Friday, January 6, 2023

THE EVIL RPG PUBLISHER'S GUIDE TO MAKING MONEY

With all the news about the OGL, I thought it would be a useful public service to provide some guidelines for any evil RPG companies out there, especially the smaller more boutique operations, seeking to increase their wealth through nefarious means. Here is simple advice you can use to increase profits in the name of all that is wicked and unholy. 

1. MONETIZE EVERYTHING  

Once you understand everything is under-monetized, the only limit to how much money you can make is your creativity. People have all kinds of assumptions about what they rightly own, what fees companies can charge, etc. What you need to do is find unexpected ways to turn your customer's money into your money. For example, companies often sell their RPG books with no restrictions on ownership. Instead of selling books you could lease them, and you could even build in fees for damage to the book at the end of the lease. This allows you to keep selling your book to the same customer, over and over again. 

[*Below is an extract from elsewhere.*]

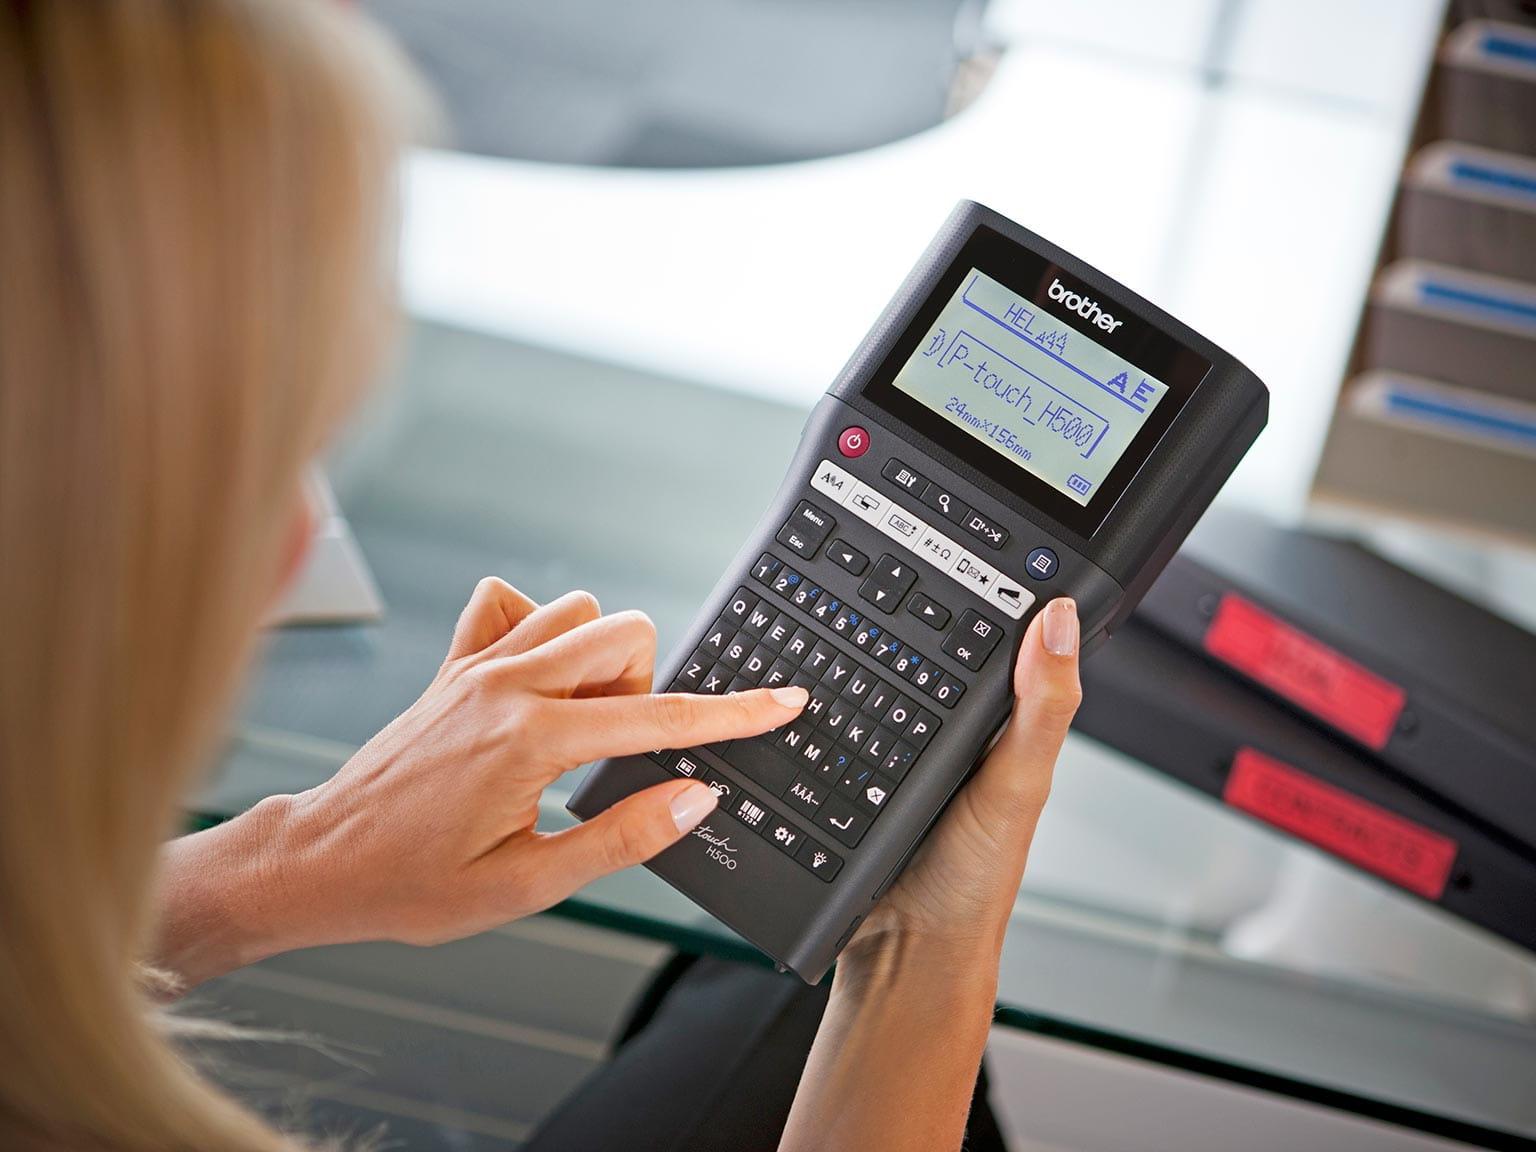 PTH500 Tarratulostin kulkee helposti mukanasi, joten voit tulostaa missä haluat

And don't let the law or tradition get in the way here. With a little bullying and a small legal team, you can try all kinds of crazy things. Charge a dice tax and include legal language in your rulebook that monetizes the rolling of dice. Most people don't have enough money to defend themselves in court so even if this approach is treading questionable legal ground, it will still make you tons of cash and that's what is truly important. 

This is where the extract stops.